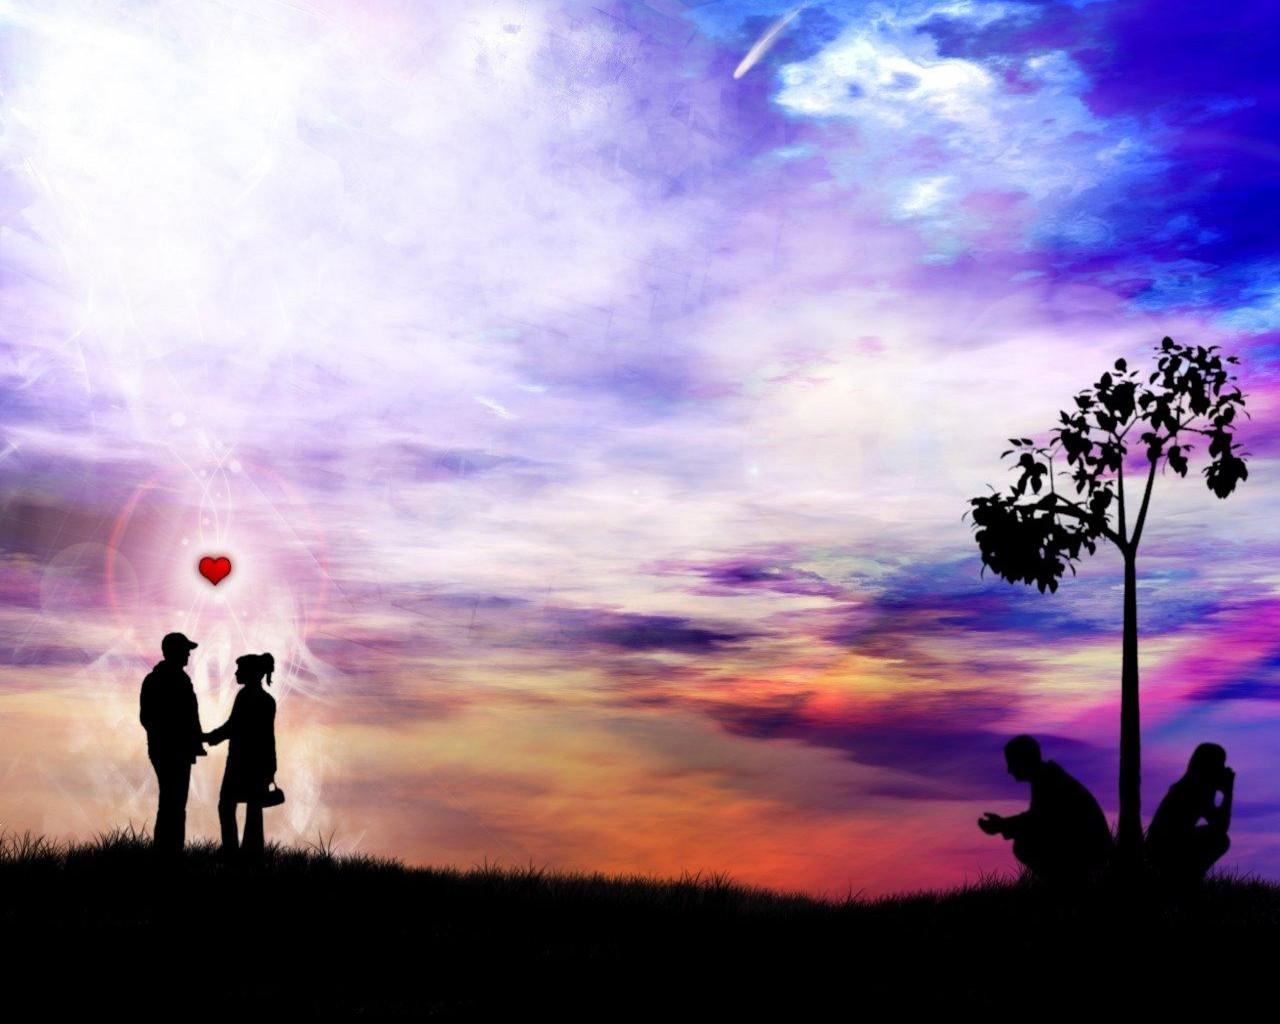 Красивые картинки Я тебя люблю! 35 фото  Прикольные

==

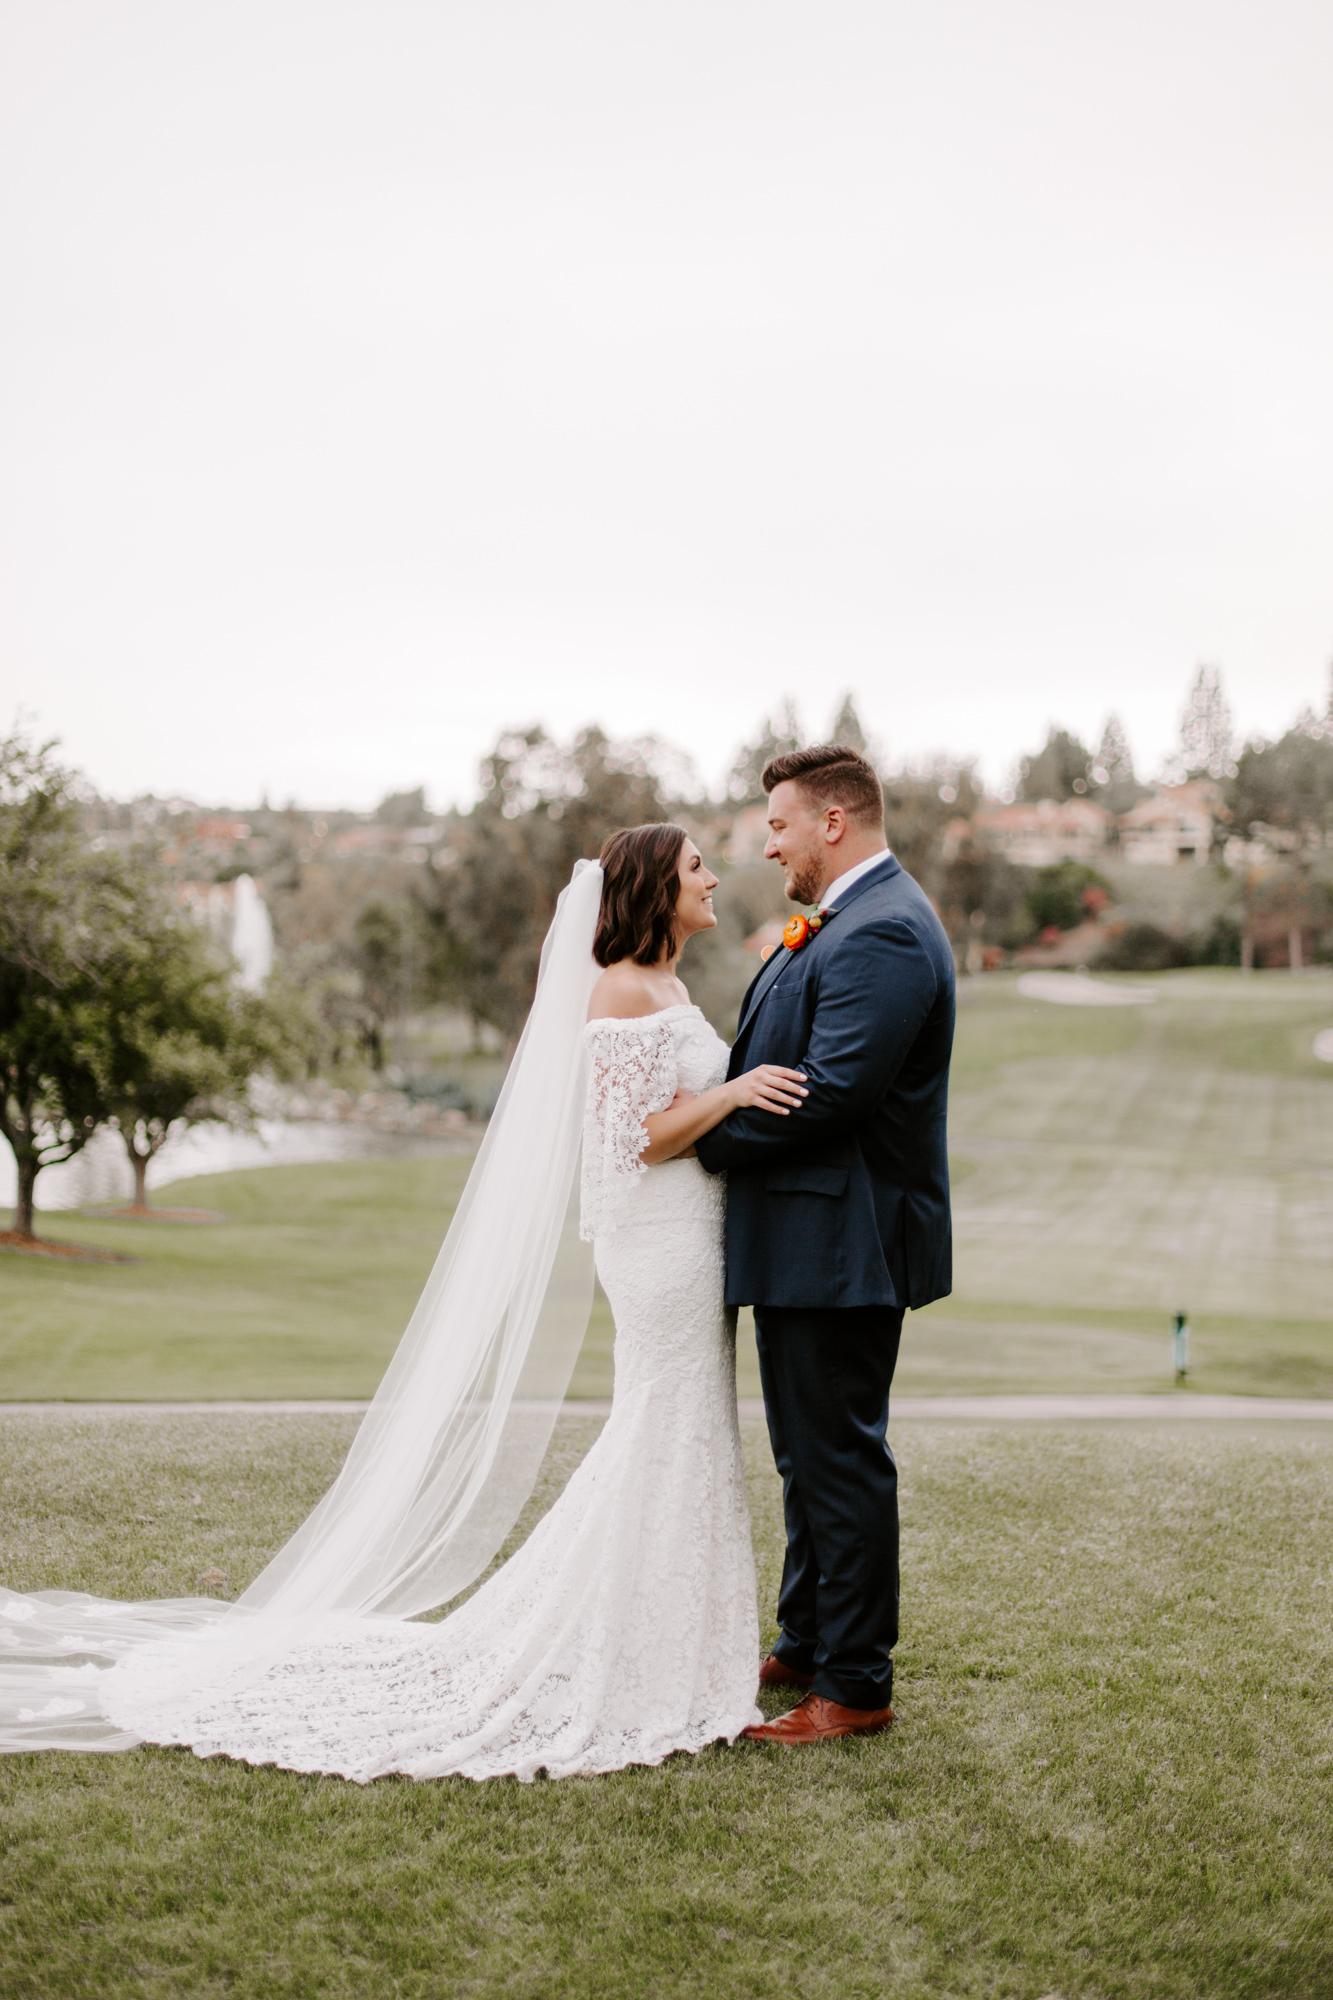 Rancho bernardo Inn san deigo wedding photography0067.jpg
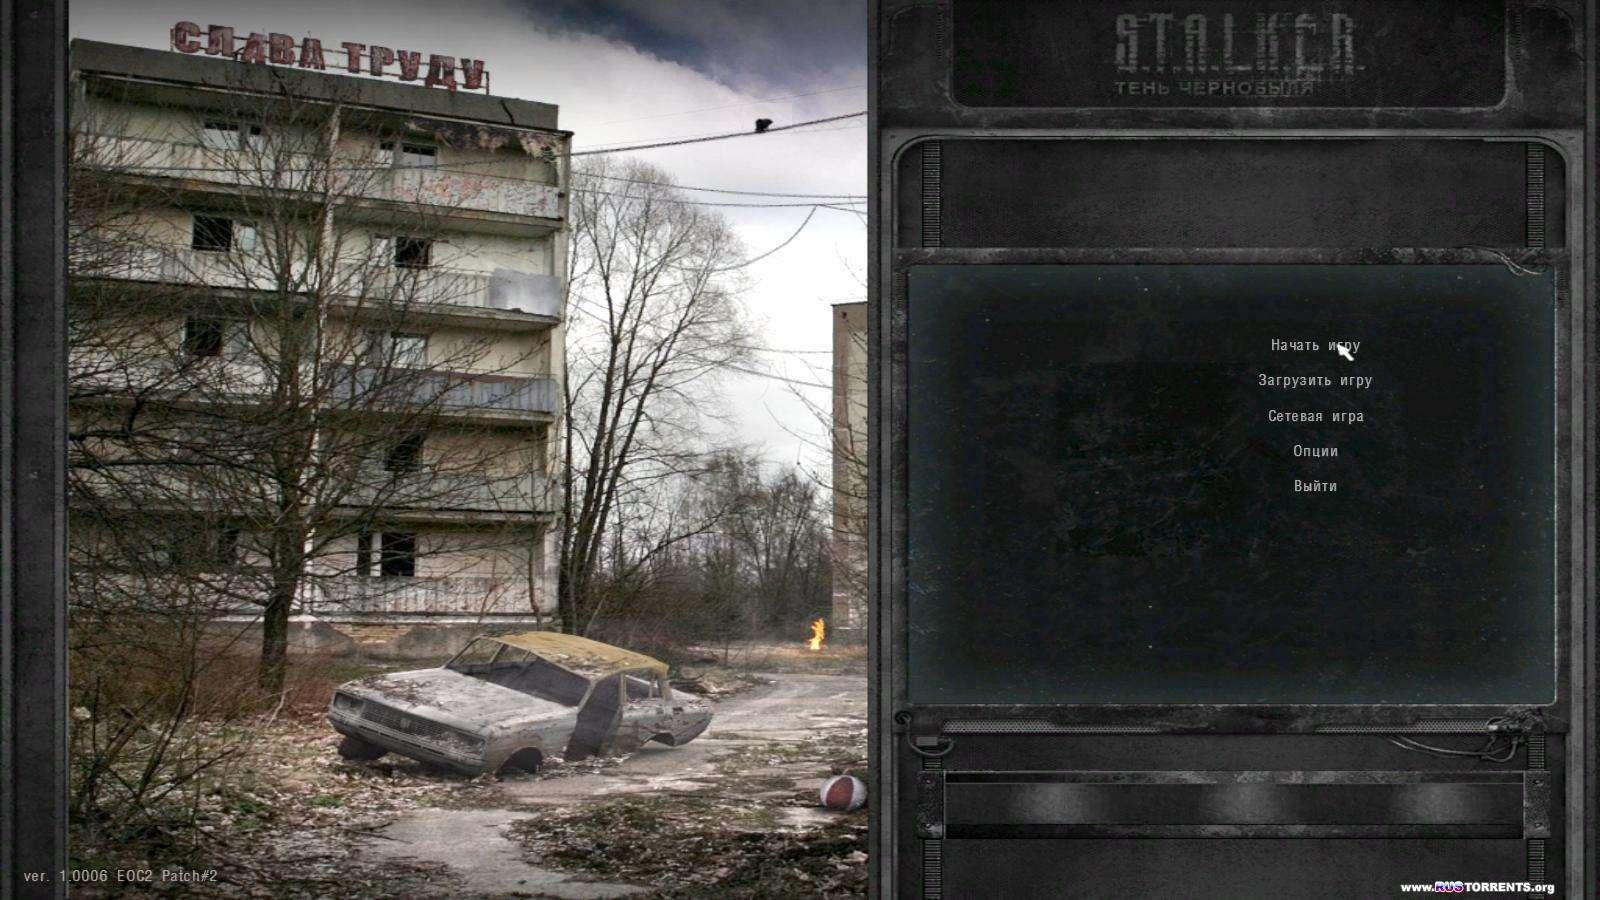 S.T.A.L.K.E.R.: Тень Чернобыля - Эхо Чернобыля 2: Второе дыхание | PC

==

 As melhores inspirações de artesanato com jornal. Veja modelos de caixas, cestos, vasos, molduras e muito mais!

* _Requirement_
Your answer must be the exact lines from the records above, from the one containing "Rancho bernardo Inn" through the one containing "S.T.A.L.K.E.R.: Тень Чернобыля", both included, with every picture left out.

* _Response box_
 Rancho bernardo Inn san deigo wedding photography0067.jpg
 S.T.A.L.K.E.R.: Тень Чернобыля - Эхо Чернобыля 2: Второе дыхание | PC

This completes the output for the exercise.